The report can be downloaded from the Centurion Running website here, but I have added the report below as well. Enjoy!

1 Introduction

2012 has been a fantastic year for Centurion Running. Following on from the inaugural North Downs Way 50 mile and 100 mile events in 2011, this year has seen a full timetable of ultrarunning events including the Thames Path 100 miler, South Downs Way 100 miler, North Downs Way 50 and 100 milers, Winter 100 and the now infamous Piece of String Fun Run. With the completion of the Winter 100, we have reached the end of the racing season and include here a retrospective for the main races in the Centurion Running 100 mile event calendar.

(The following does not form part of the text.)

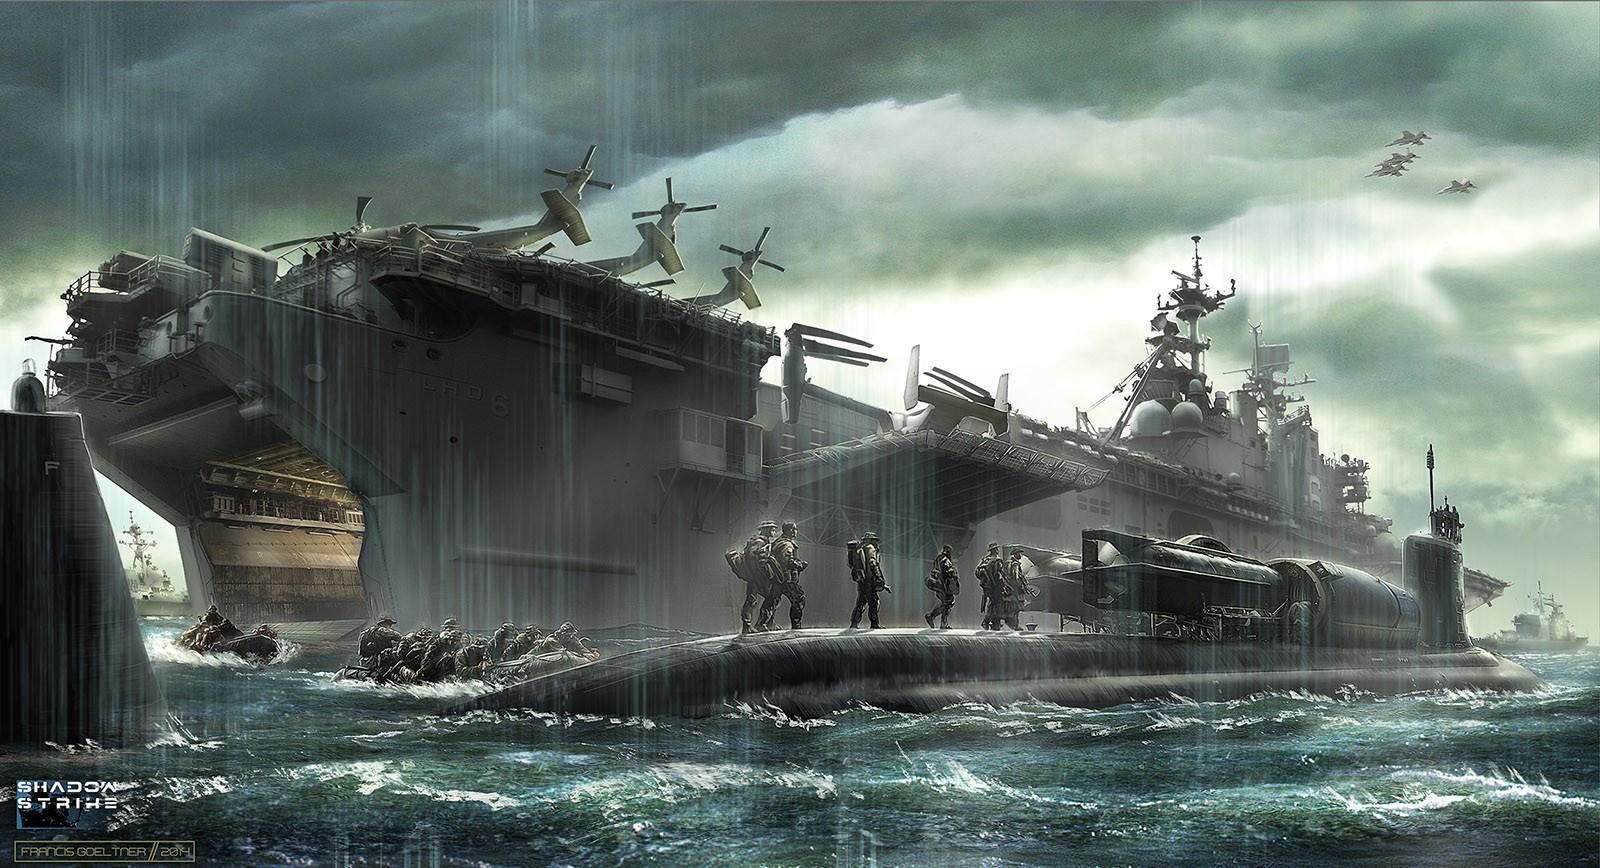 South China Sea - The Submarine

For the South Downs Way 100, we ran a survey of runners in a pilot project to look at factors relating to successful ultramarathon running completion. In 2013 we hope to roll this survey out to the other events to build up a database of information for 100 mile runners and allow us to look for interesting trends amongst the people who choose to run 100 mile events for fun. Please keep your eyes open for more information on this in the new year, and please take part as the more information that we are able to collect the better the findings will be.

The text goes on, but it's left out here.